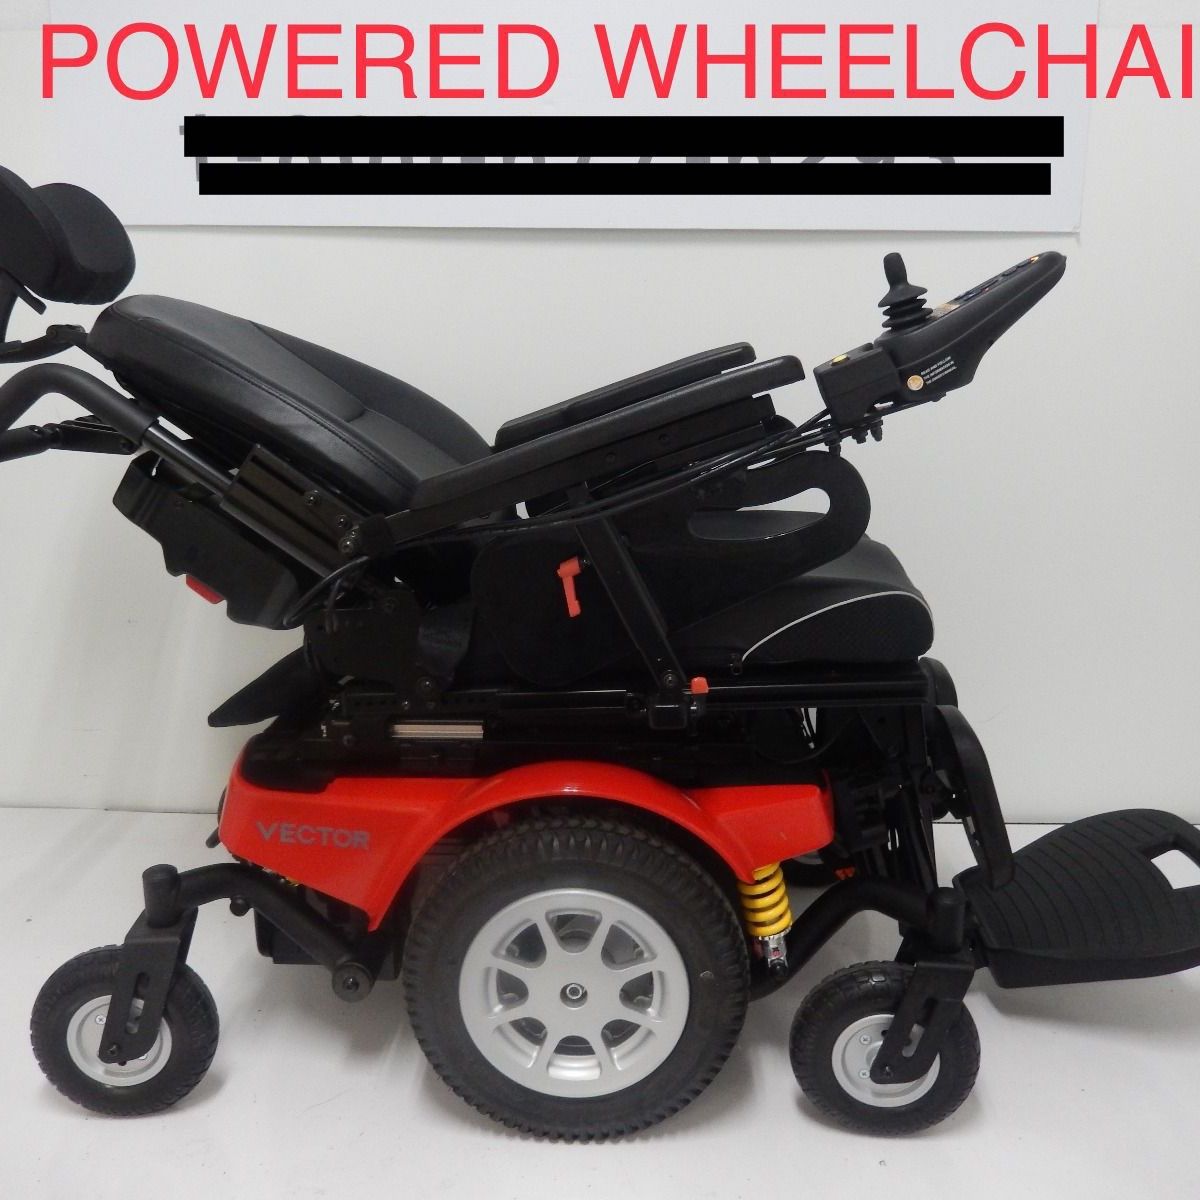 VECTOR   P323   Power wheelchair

──────────

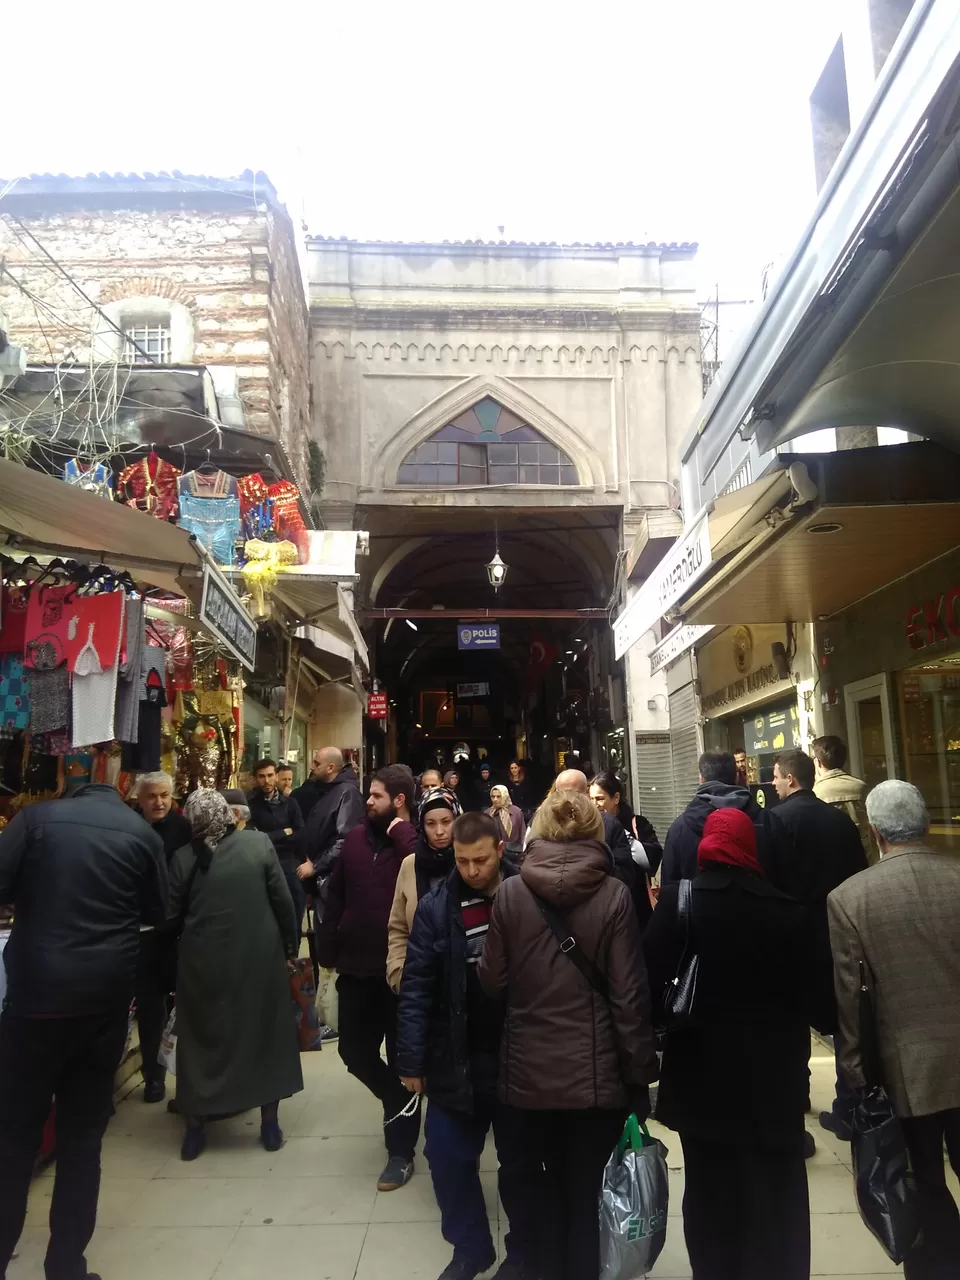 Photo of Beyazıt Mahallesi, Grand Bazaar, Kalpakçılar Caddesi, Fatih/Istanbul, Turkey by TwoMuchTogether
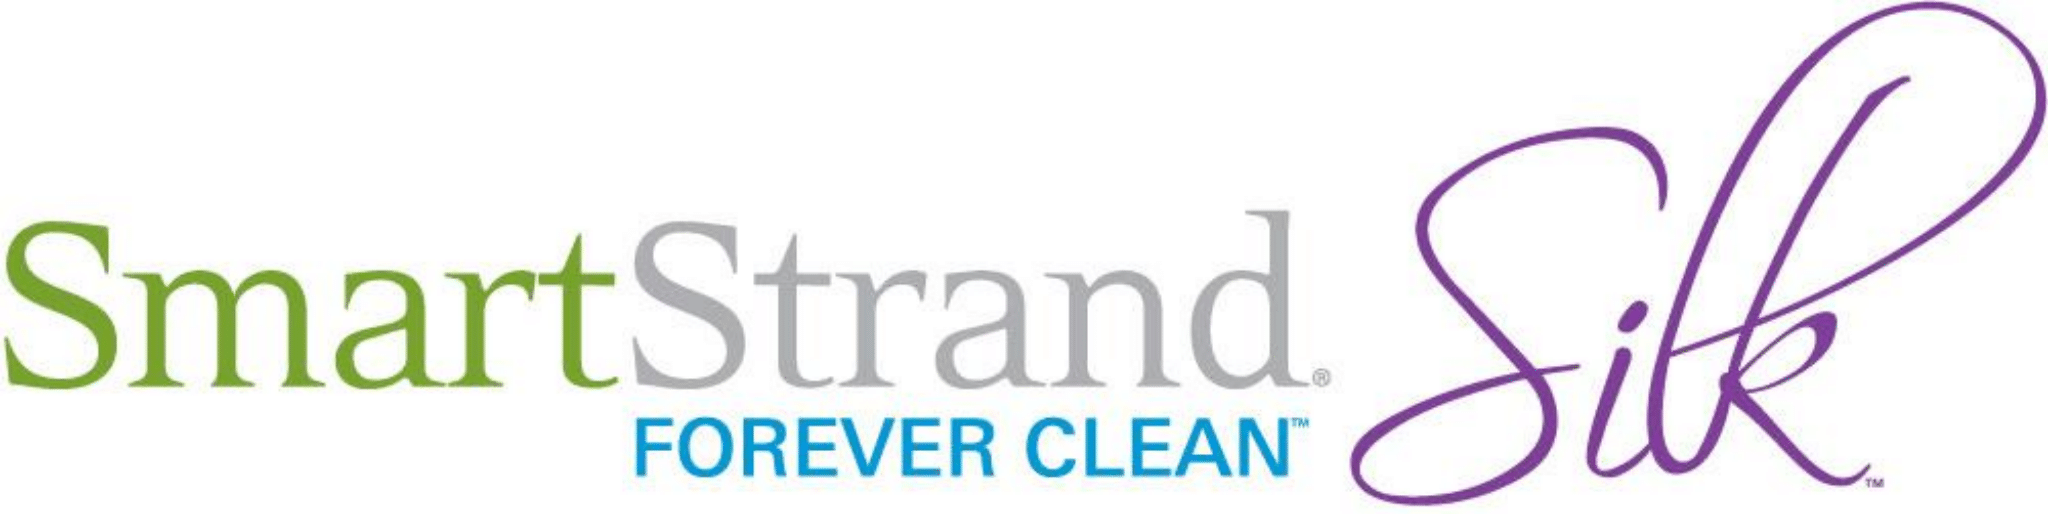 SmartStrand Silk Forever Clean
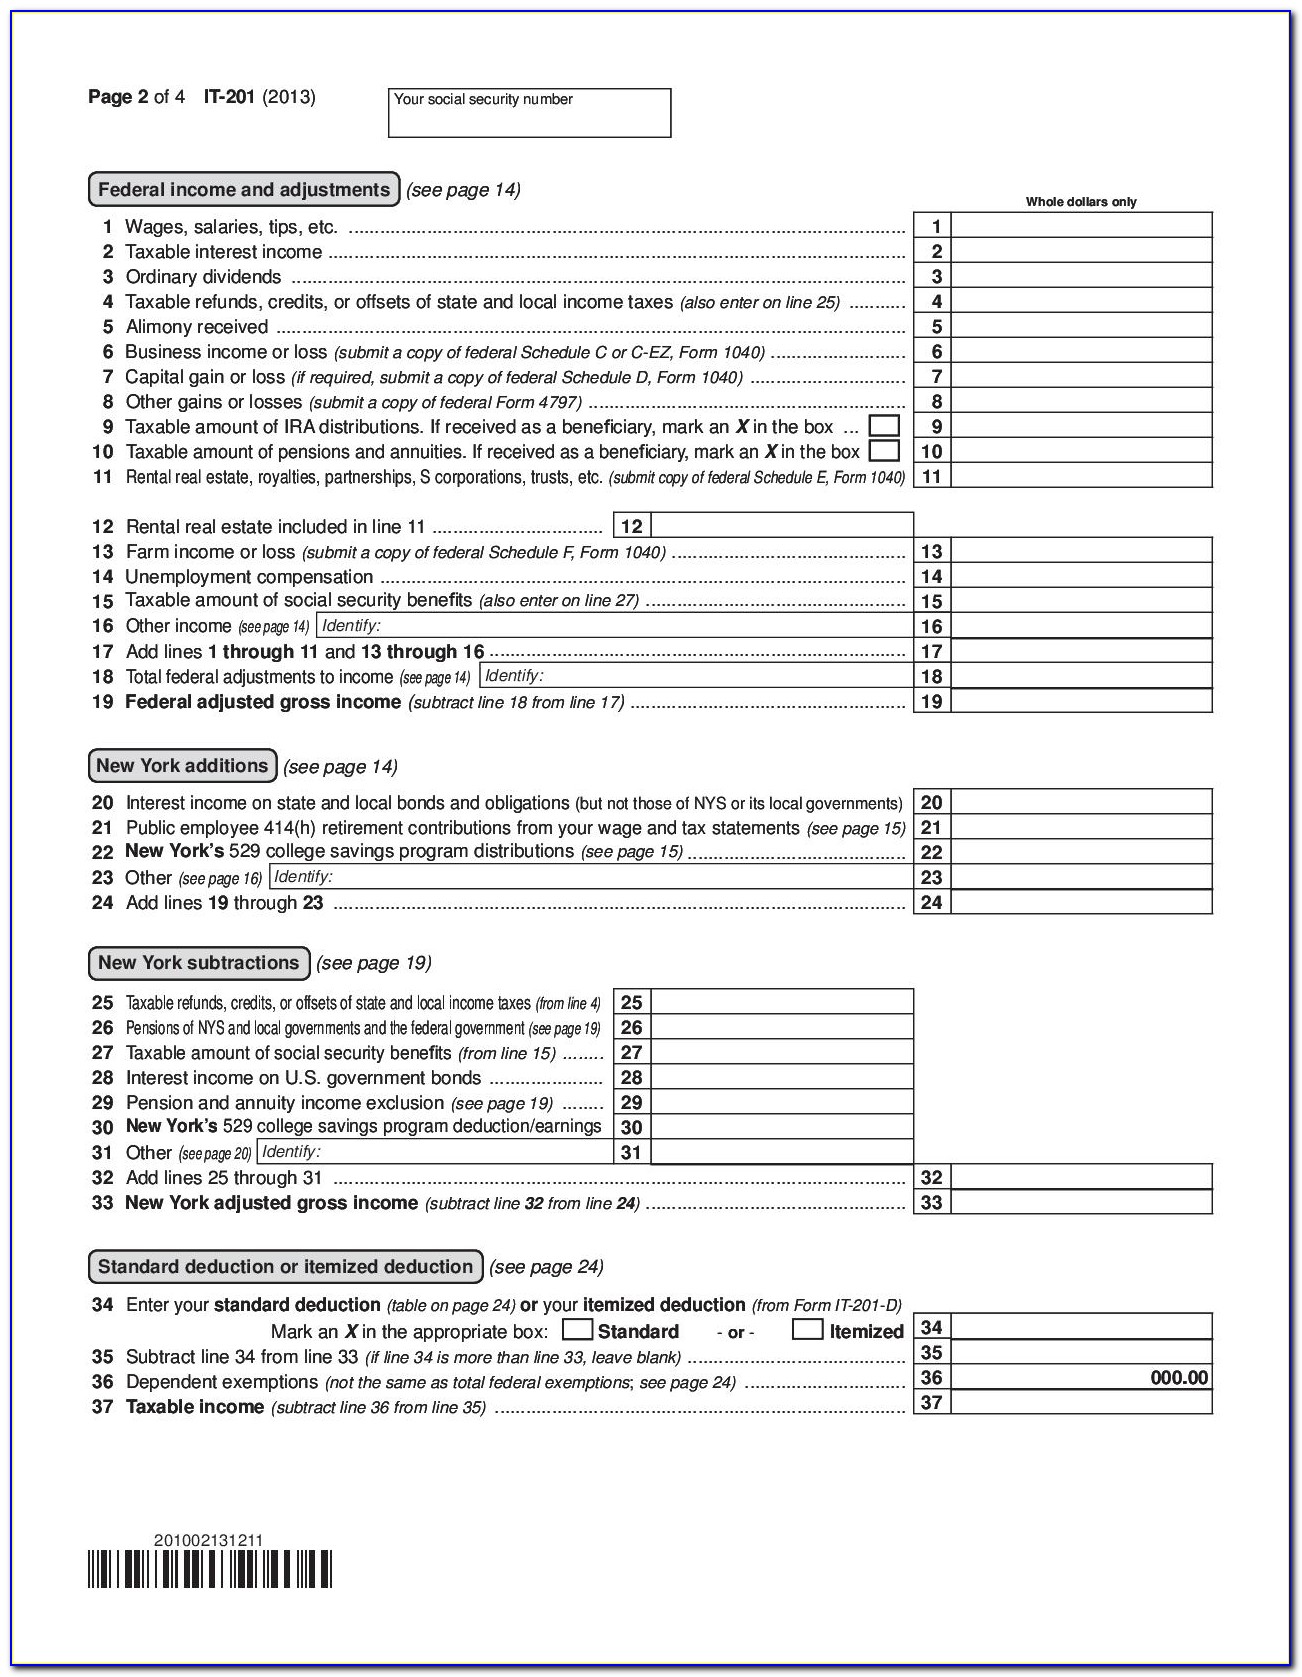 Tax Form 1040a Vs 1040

──────────

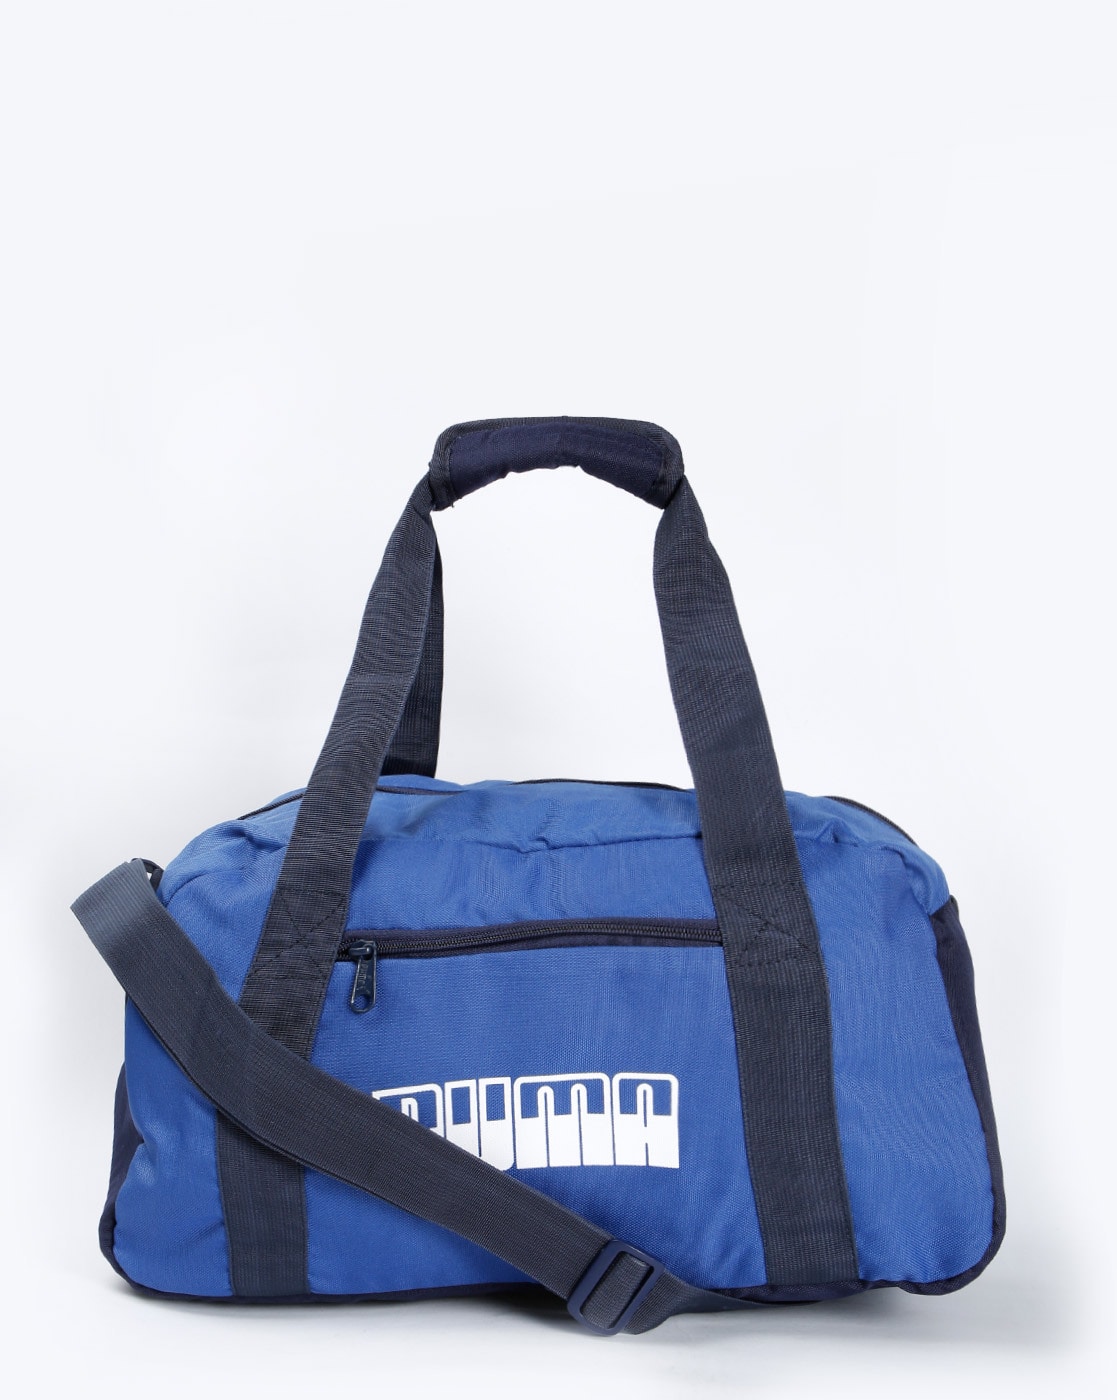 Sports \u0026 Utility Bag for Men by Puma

──────────

- WHAT THIS TASK INVOLVES:
Of the lines above, copy only those from the one holding "Photo of Beyazıt" to the one holding "Tax Form 1040a Vs 1040", both included, and exclude every image.

- COMPLETED EXERCISE:
 Photo of Beyazıt Mahallesi, Grand Bazaar, Kalpakçılar Caddesi, Fatih/Istanbul, Turkey by TwoMuchTogether
 SmartStrand Silk Forever Clean
 Tax Form 1040a Vs 1040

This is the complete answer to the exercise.